Input data:
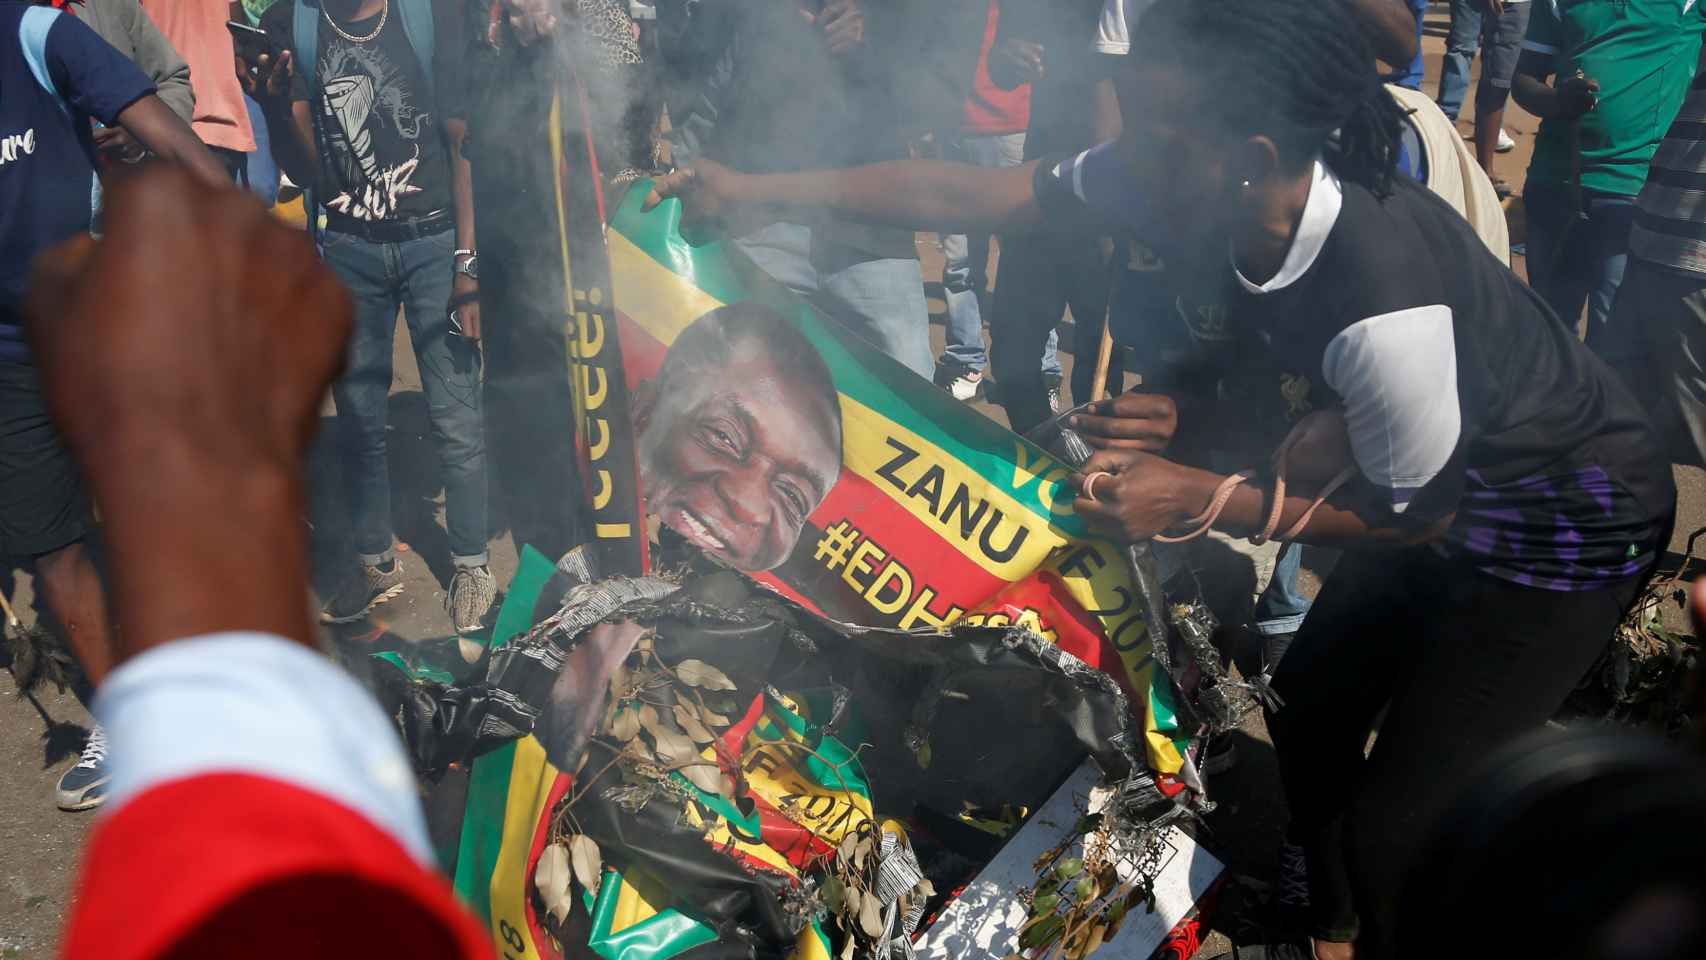 Los partidarios del partido Movimiento por el Cambio Democrático (MDC) queman una pancarta electoral con la cara del presidente de Zimbabwe, Emmerson Mnangagwa.
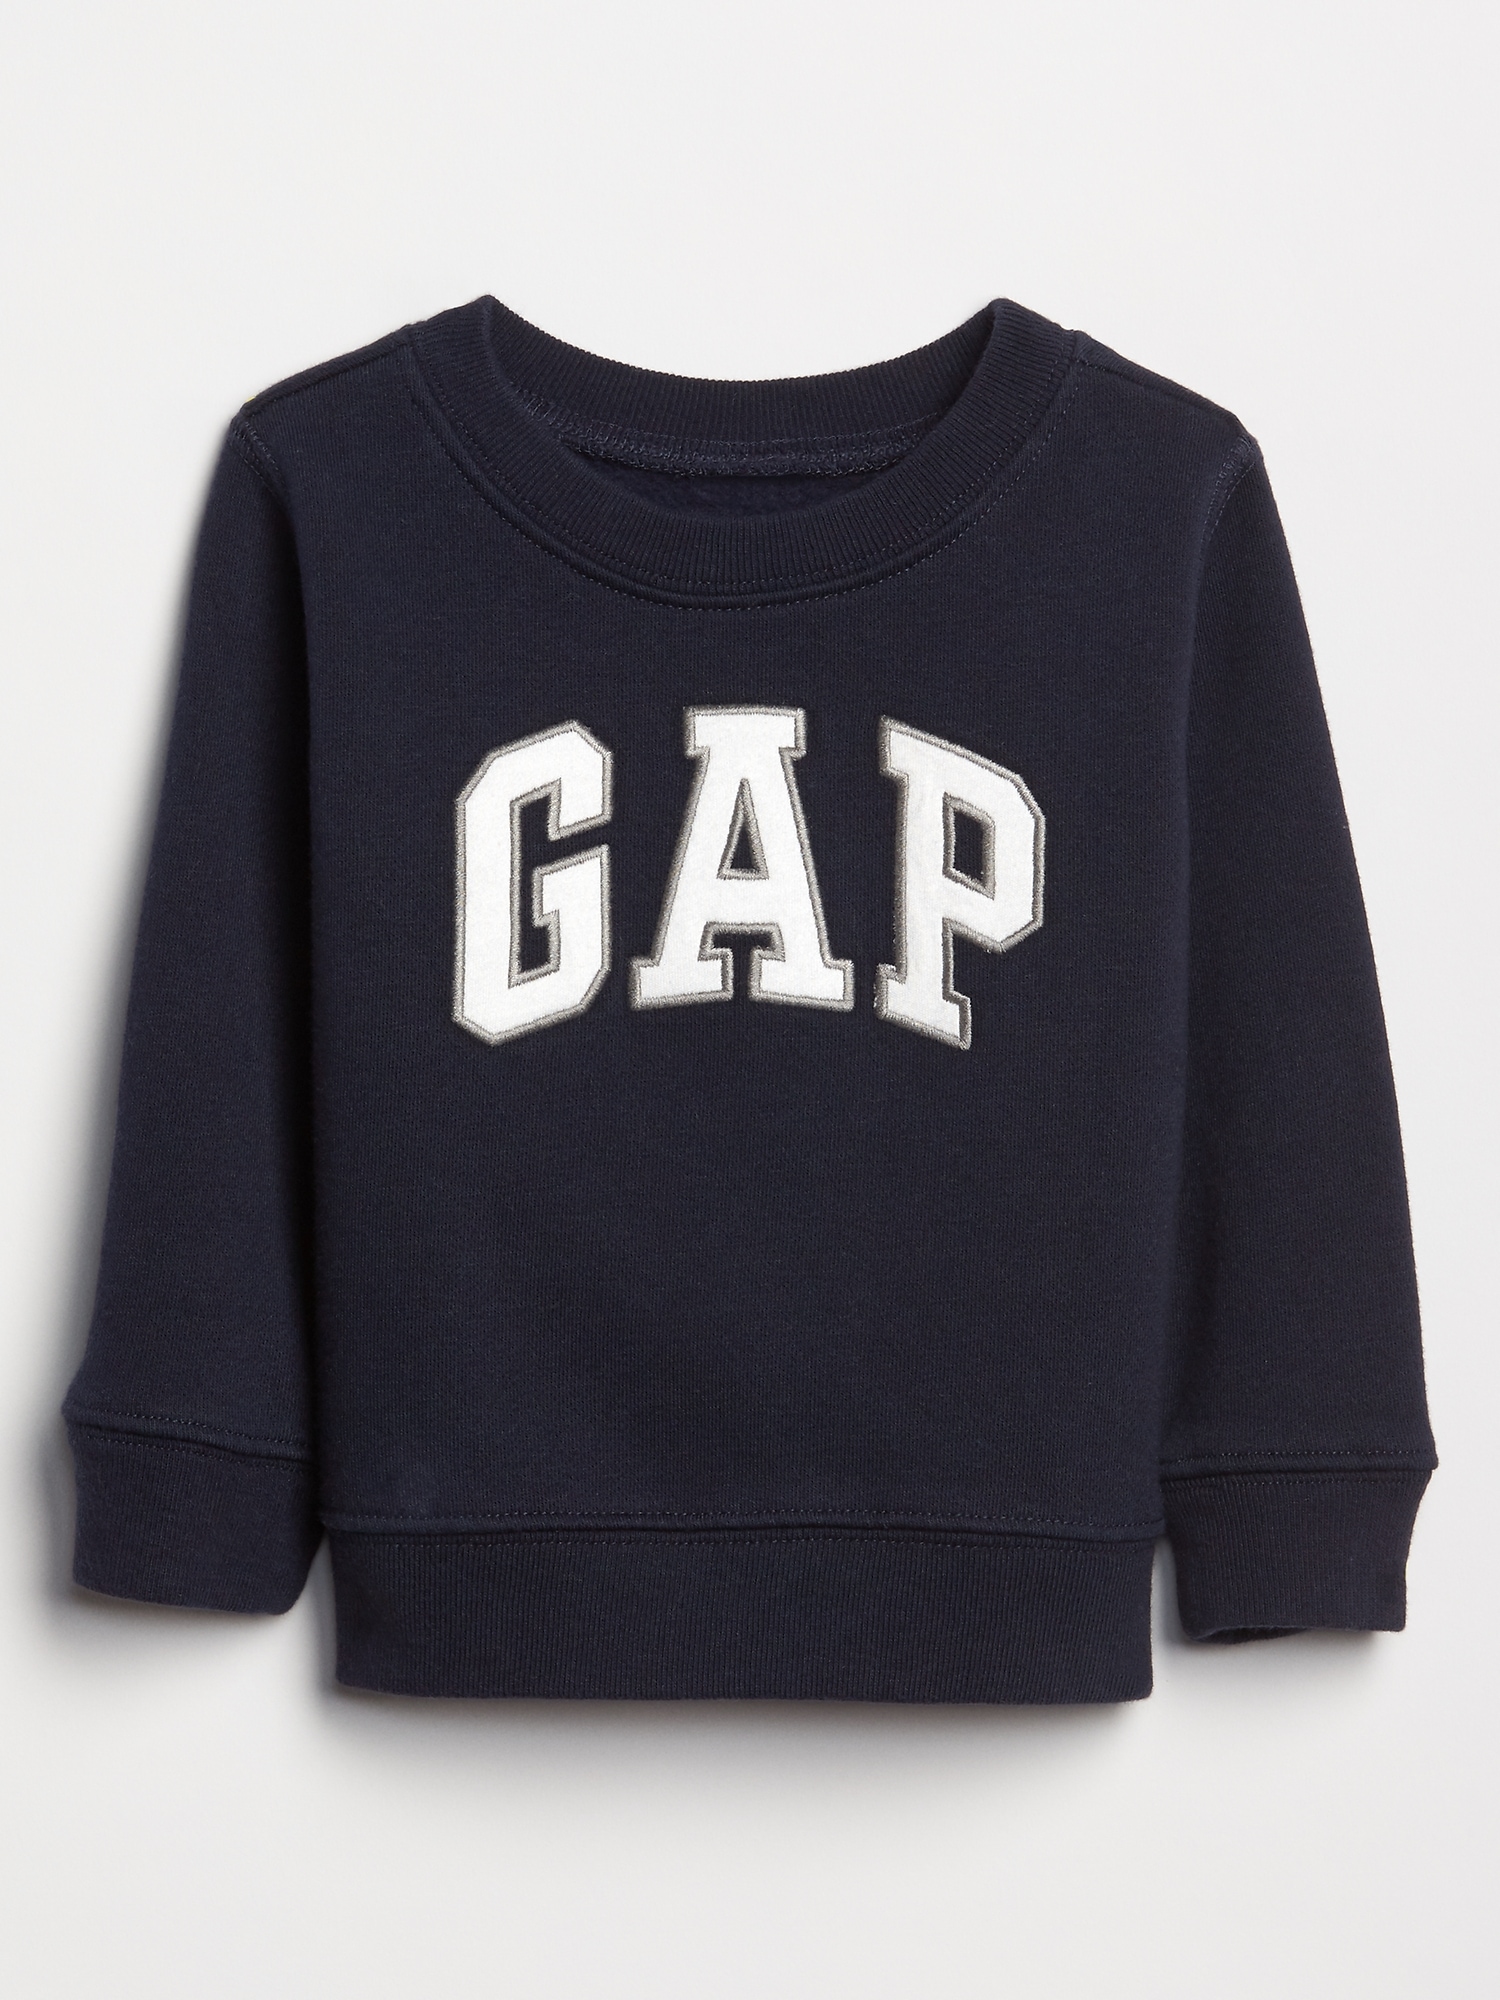 babyGap Logo Pullover | Gap Factory
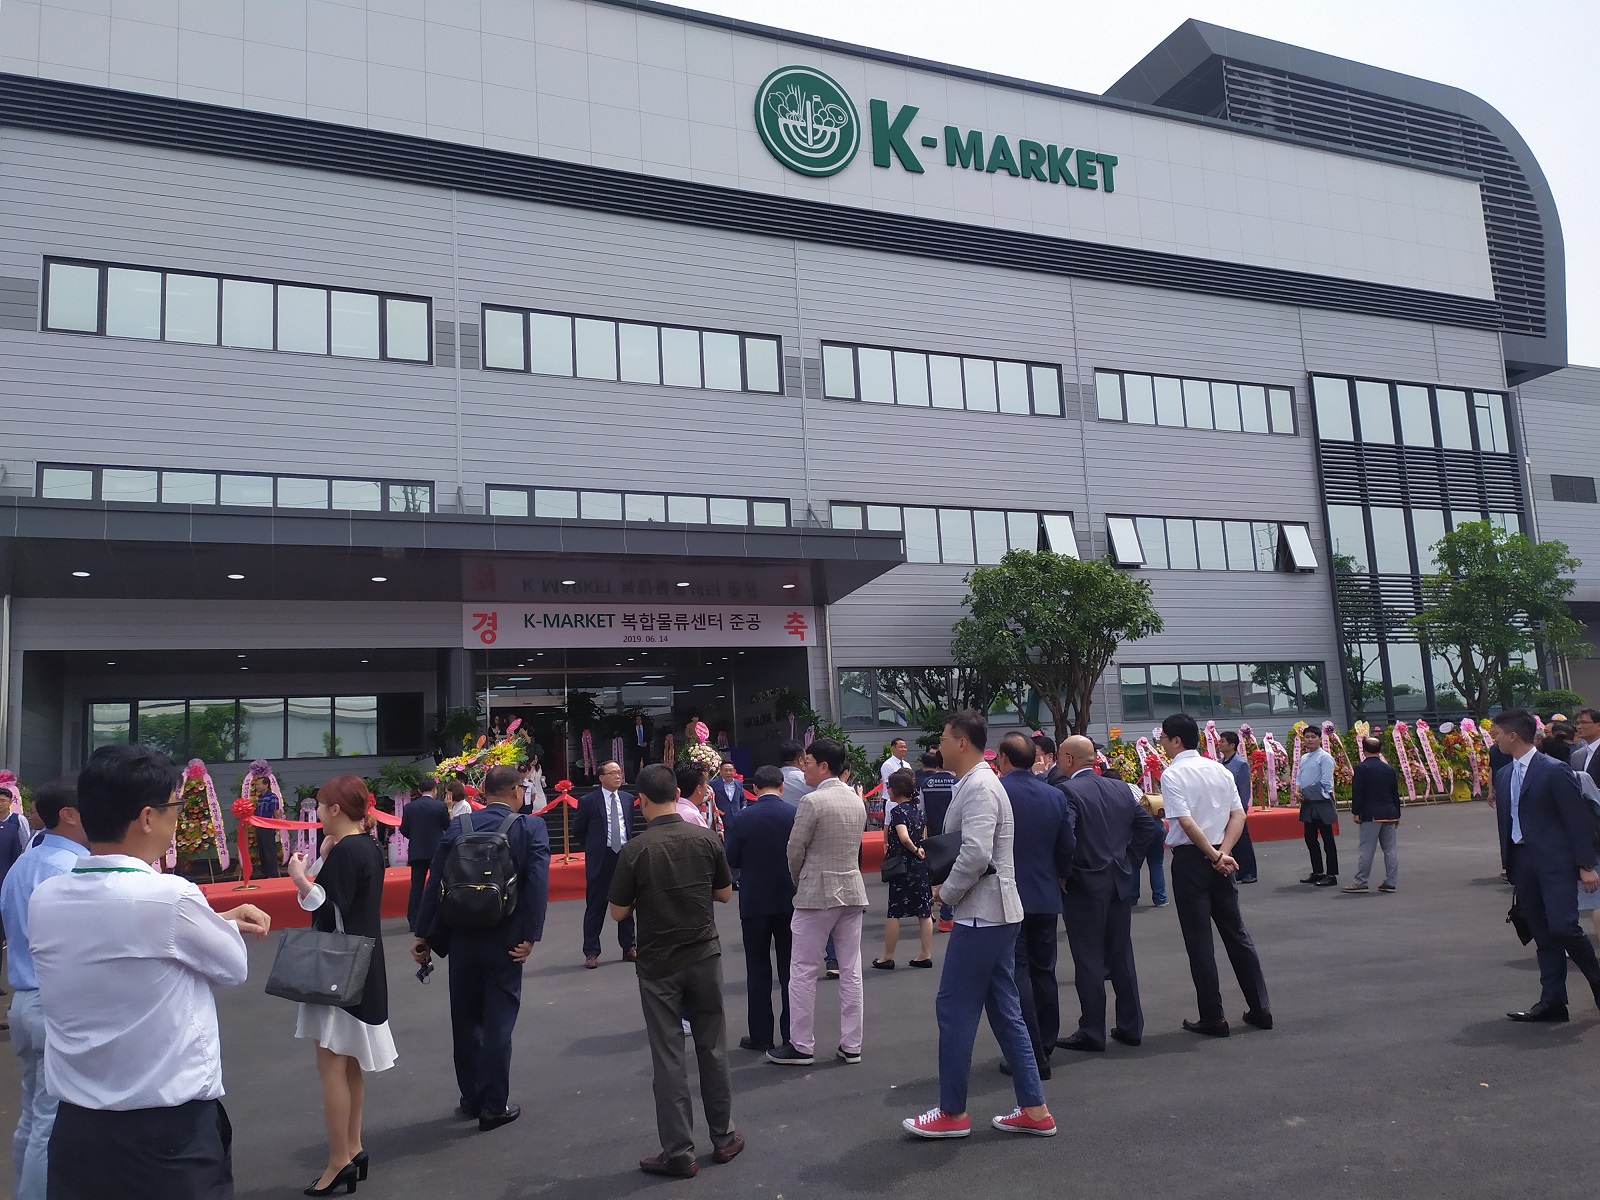 Bộ dàn âm thanh ánh sáng sân khấu hội trường: K-Market siêu thị Hàn Quốc, Hà Nội

Task to carry out:
Starting at the line that holds "babyGap Logo Pullover | Gap Factory", copy each line exactly through the end of the material above, keeping both ends and dropping the pictures.

Completed task:
 babyGap Logo Pullover | Gap Factory
 Bộ dàn âm thanh ánh sáng sân khấu hội trường: K-Market siêu thị Hàn Quốc, Hà Nội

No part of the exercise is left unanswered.